I find it terrifying that so many of the zero-foresight fluffy tendency inhabit the medical profession, because one day I might need one of them to remove something from my brain; and I’d hate to think that while doing so, the surgeon might think ‘Ah, here’s a left cerebral lobe – he won’t be needing that…I’ll take it out while I’m here’.
Ms Pollock wants you to know that rugby scrums are dangerous. She has done research, so she has, and the finding is inescapable: the “commonest phase of play causing injury” is the scrum. What’s more, the most common injuries resulting from scrums are head, face and shoulders. Not livers or toes then?
“Scrums should be banned,” she opined, “the sport is not safe enough for schoolchildren, and not enough is being done to protect the safety of children”.
Allyson is devoid of views about how the game of rugby will be played without scrums, or indeed what might replace them. The kids could engage in tickling contests perhaps, or focus groups to decide which way the ball should exit – and whether hookers should be called something less offensive. Like receivers, for example.
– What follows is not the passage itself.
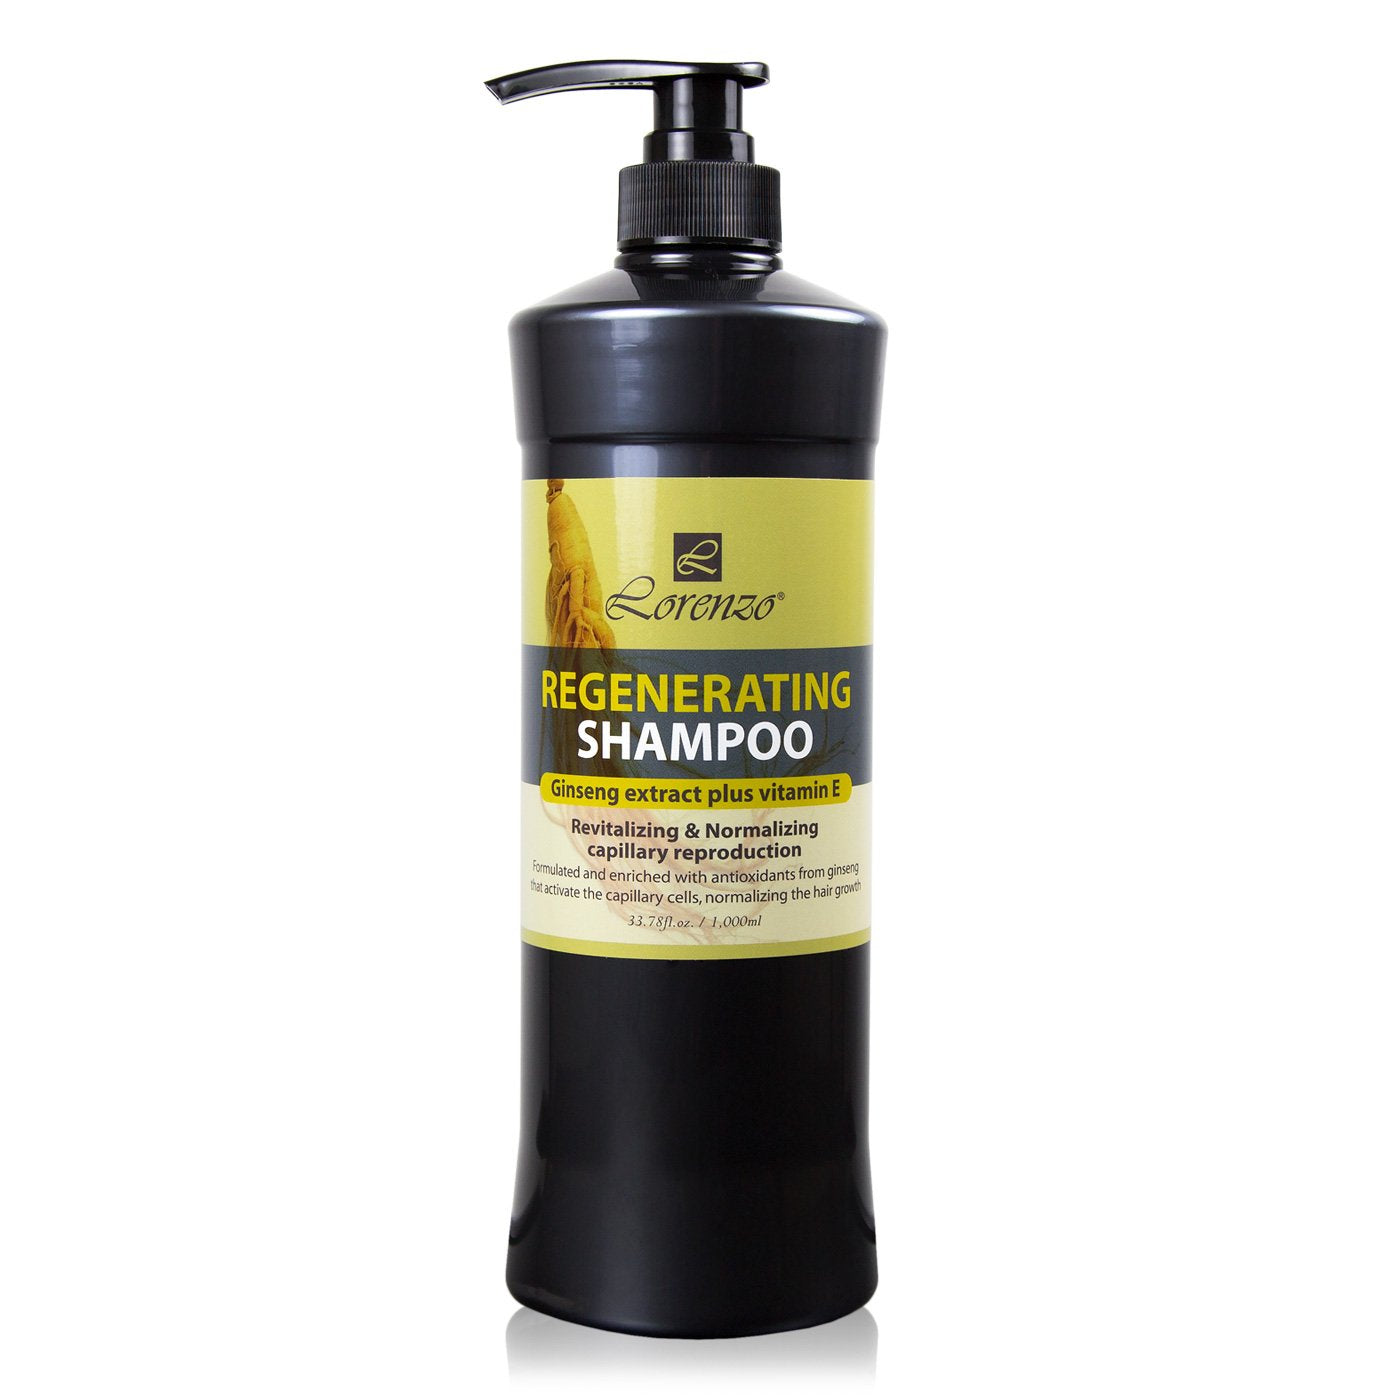 Lorenzo Regenerating Shampoo for Hair Growth, Ginseng Extract Plus Vitamin E, 33.78oz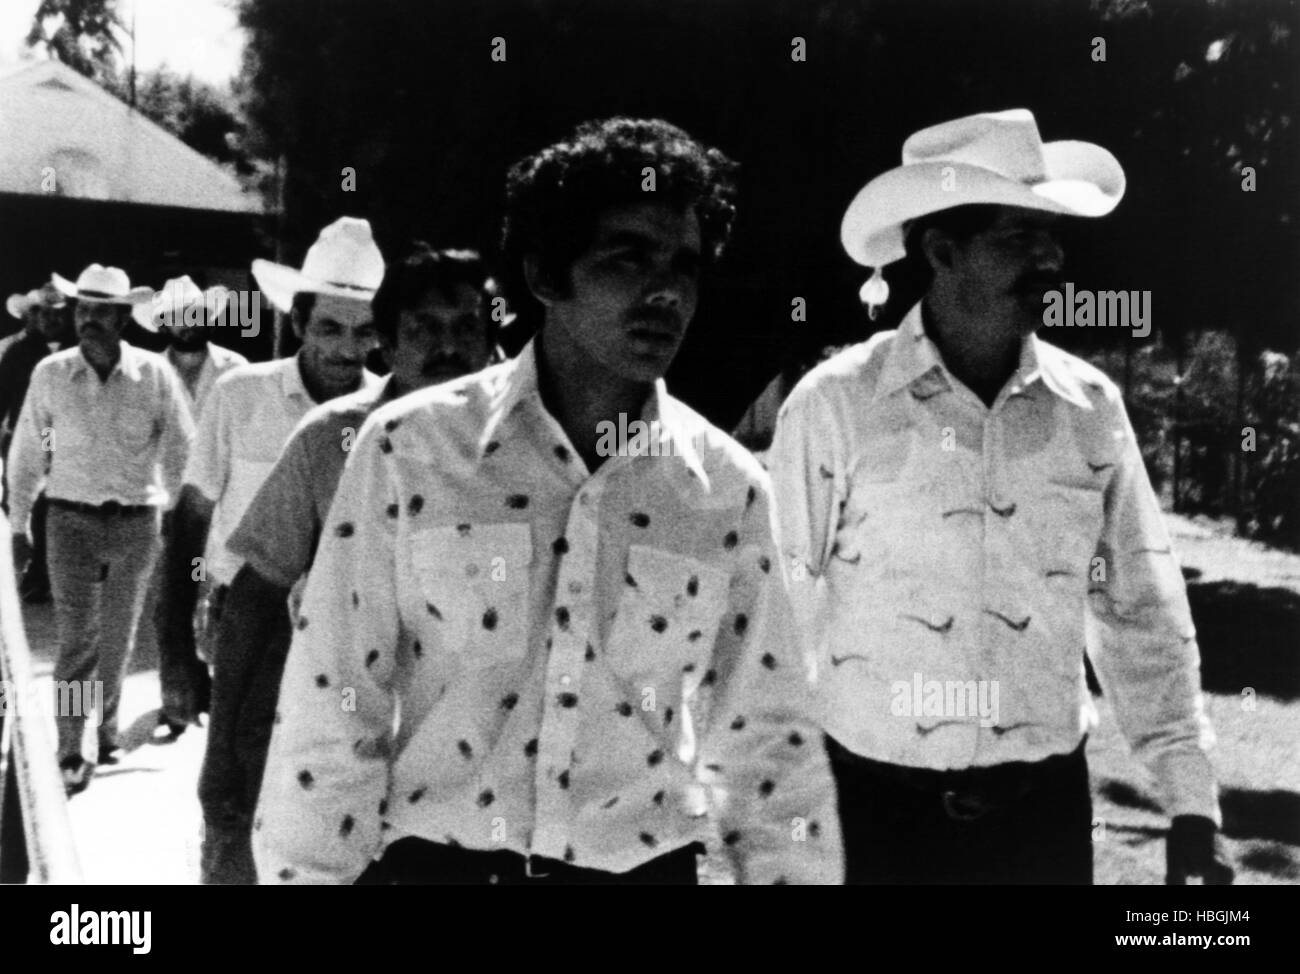 ALAMBRISTA!, Domingo Ambriz, 1977 Stock Photo

This news broke on the BBCNews website, and there are times when I wonder if some welcome renegade is lying under deep cover inside Auntie, emerging occasionally to release entirely false stuff in order to warn us all of where Harmanism might lead. But having watched Mark Thompson on the Marr Show this morning, I have to conclude that the stubbly intellectual gnome now laughably called Director General of the BBC almost certainly agrees with Allyson Pollock.
There is a subject called social anthropology. There are also things called competitive sport, character-forming experiences, hard knocks, commonsense and the triumph of a sensible majority over a minute percentage of those who have lost their reason.
That a senior medical professor could put forward such bad social science in the light of two major British sporting failures is appalling, but not surprising. As The Slog has said many times before, we should not let any doctors anywhere near decisions of national importance: they may well be surgically and remedially qualified, but most of them are judgementally challenged.